Prenatal screening (PNS) can be a very effective strategy for identifying individuals at risk of genetic disorders. In contrast to prenatal genetic tests, which are very expensive, require special set-ups and expertise, PNS can be of great help in reducing the burden of genetic disorders. During the past 10 years, several advanced PNS tests utilizing new platforms, with comparatively more sensitivity and specificity, have emerged. PNS tests for chromosomal aneuploidies, microdeletion syndromes, hemoglobinopathies, neural tube defects, etc., are available.
In reproductive medicine for the management of infertility and abnormal pregnancy outcomes, the role of genetic evaluation is of paramount importance, and presentation-specific genetic evaluation can be very cost-effective for catering to a wide group. Further, along with genetic factors, especially in repeated pregnancy losses, other common factors also need to be ruled out.

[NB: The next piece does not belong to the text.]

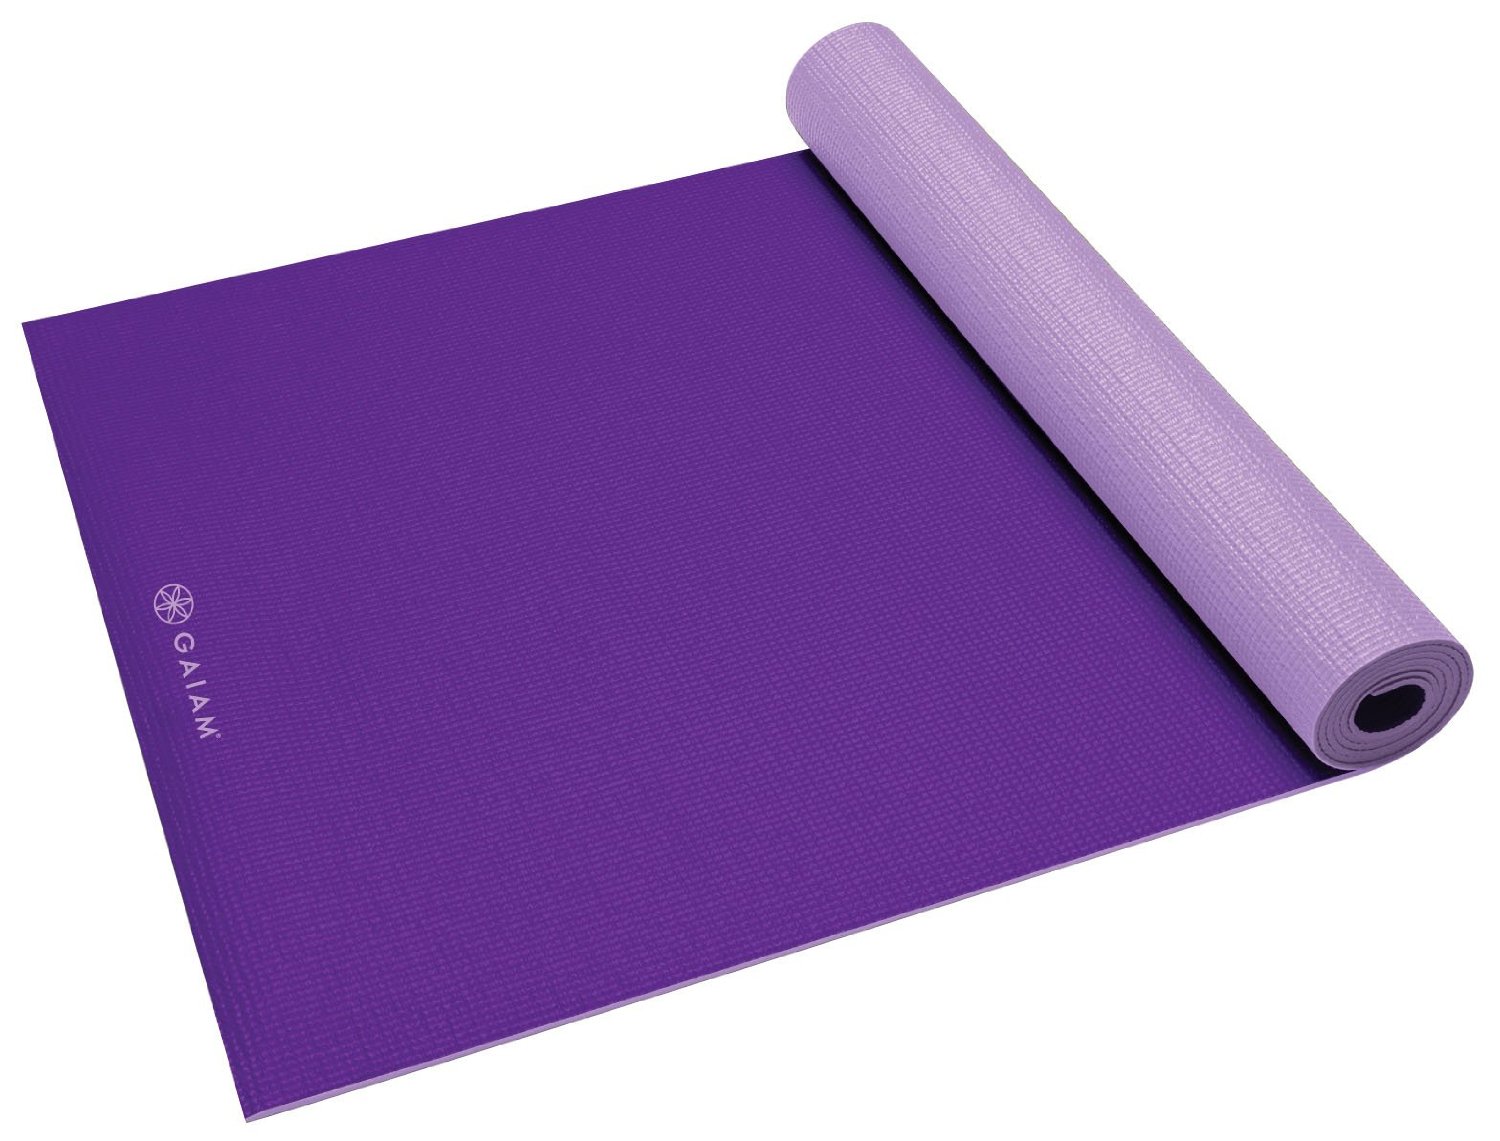 Gaiam - 2-Colour Reversible Yoga Mat - Citron Meadow 3mm - Save-On

In India, unfortunately, very few medical geneticists and trained genetic counselors are available, and the ratio is significantly poor. To cope with the unmet need, the concept of tele-counseling was introduced for the underserved population. As we all know, the majority of genetic conditions are usually constitutional and lifelong, affecting the entire family, and unfortunately, for the majority of them, treatment options are very limited, prevention becomes very crucial. In India, various national programs for women and child health in the form of prenatal and newborn screening are currently initiated by the government for the prevention and management of genetic conditions. However, awareness among the stakeholders and the general population is lacking. The government has also initiated support for an institute driven programs for training medical faculty and health care professionals to increase awareness and strengthen their knowledge of genetics in the active management of patients.
In conclusion, in today’s era of precision medicine, the importance of genetic testing is tremendously increasing. Genetic testing should be done only after appropriate genetic counseling by a trained genetic counselor or medical geneticist. Cost-effective diagnostic workflows for wider acceptance are much required. In developing countries like India, awareness activities to increase the genetic literacy among the healthcare providers are very important.
We appreciate the initiative taken by Dr. Sudha Rao, Editor-in-Chief, and her team from Wadia Journal of Women and Child Health in publishing this special issue on Clinical Genetics and thank her for giving us an opportunity to be Guest Editors. We also thank all the contributing authors whose articles are published in this special issue. We are fortunate to include an invited editorial from Dr. Mrudula Phadke, Former Vice Chancellor of Maharashtra University of Health Sciences, and sincerely thank her for contributing the same.